Registration Dossier

Administrative data

Description of key information

In - vivo testing on skin sensitisation of Guanidine Thiocyanate is not necessary, due to its corrosive properties.

Key value for chemical safety assessment

Skin sensitisation

Endpoint conclusion
Endpoint conclusion:
no study available
Additional information:

According to REACH Regulation Annex VII, column 2, in - vivo testing on skin sensitisation of Guanidine Thiocyanate is not necessary, due to its corrosive properties.

Generally it is assumed that Guanidine Thiocyanate dissociates in aqueous media in the corresponding ions Guanidinium and Thiocyanate. Therefore both ions, independently of its source, can be considered relevant for assessment of skin sensitisation potential.

Thus theoretically salts of both ions with a relatively nontoxic counter ion are suitable to assess the skin sensitizing potential of Guanidine Thiocyanate.
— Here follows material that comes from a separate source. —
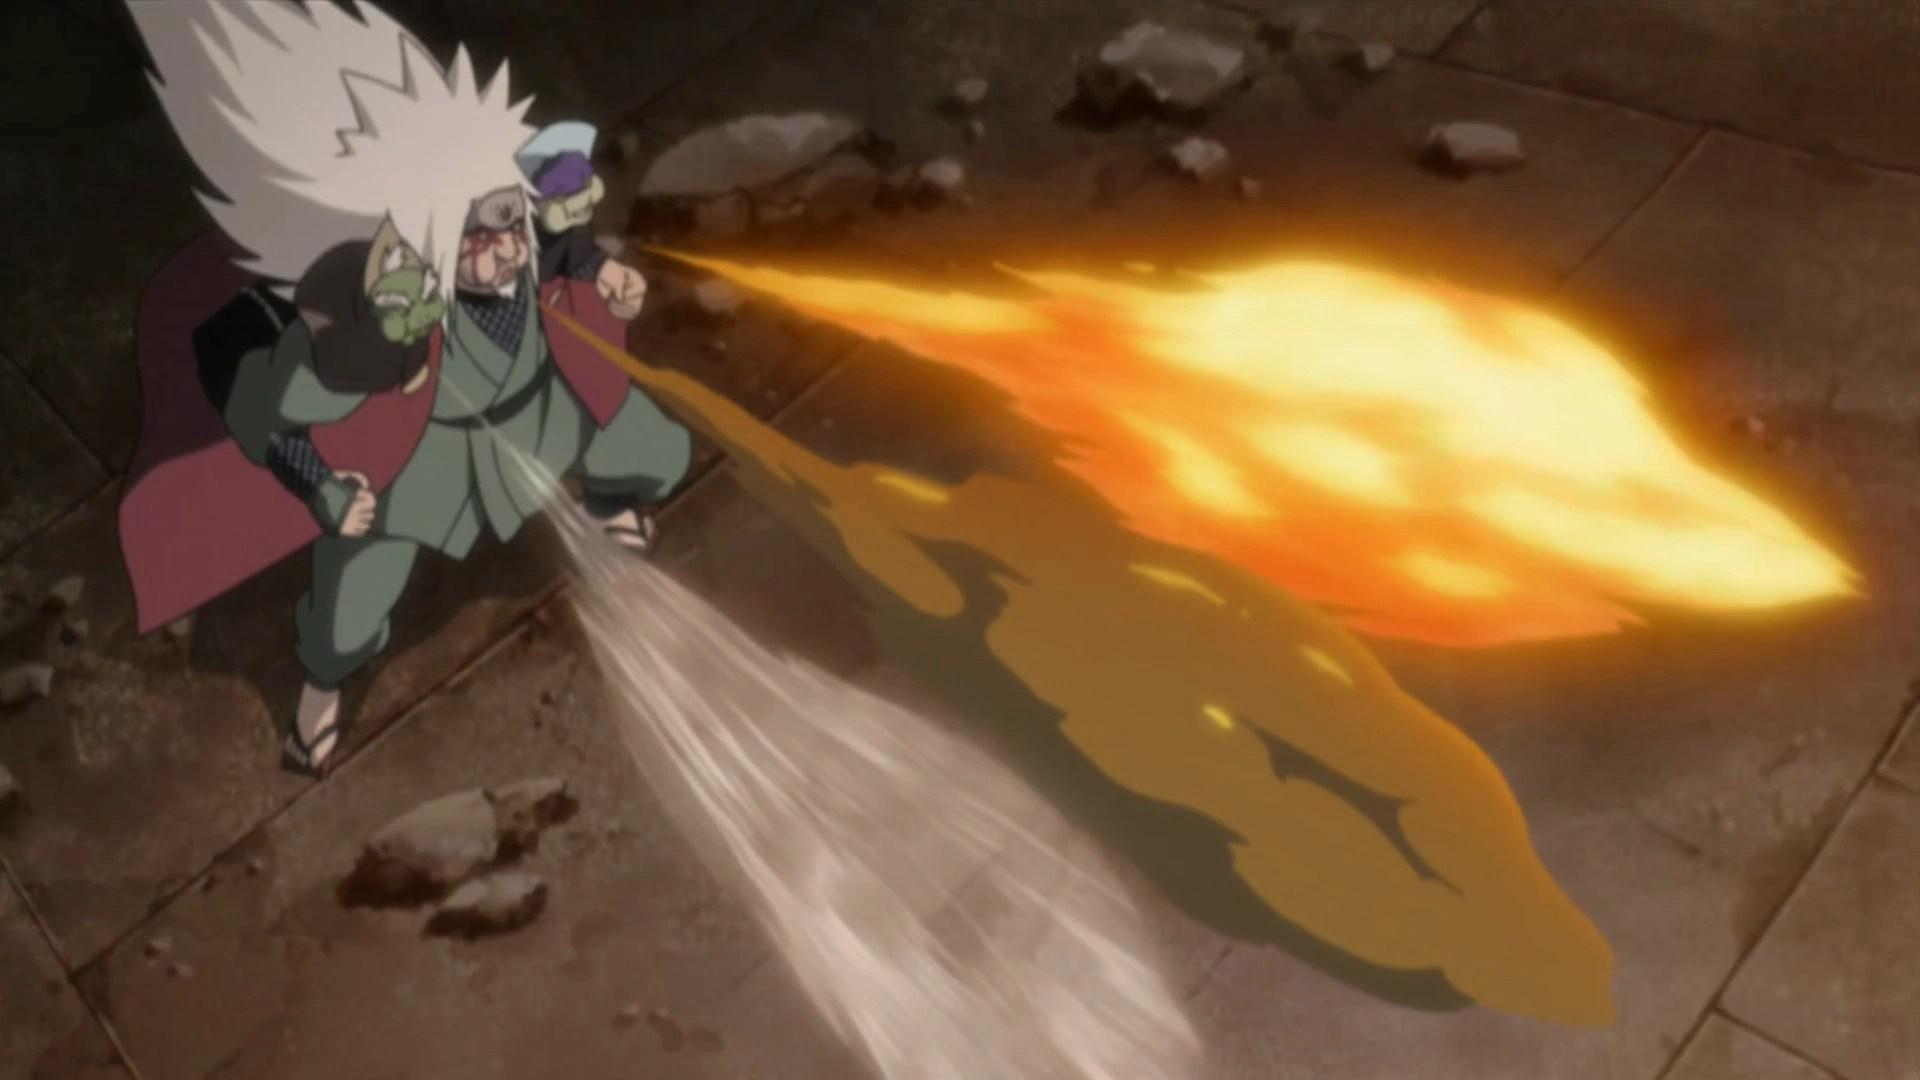 Naruto Vs Pain Wallpaper Hd Sage Art Goemon Narutopedia Fandom Powered By Wikia

Available data from Guanidine nitrate and Guanidine hydrochloride were evaluated for sensitising properties.

In dermal sensitization studies using the method of Buehler sensitization rates at 24 h and at 48 h were 0 % for both Guanidine nitrate and Guanidine hydrochloride.

Further Sodium thiocyanate is reported not to be a dermal sensitizer based on the results of a Local Lymph Node Assay on the ECHA homepage. 

Taken together there is no evidence for a skin sensitising potential of Guanidine Thiocyanate from supporting information of related read-across substances.  

In conclusion it is justified to regard Guanidine Thiocyanate as a non-sensitizer.

Respiratory sensitisation

Endpoint conclusion
Endpoint conclusion:
no study available

Justification for classification or non-classification

Based on results from Guanidine nitrate, Guanidine hydrochloride and information for

Sodium thiocyanate, it is reasonable to conclude that no classification according to CLP criteria for skin sensitisation of Guanidine Thiocyanate is justified.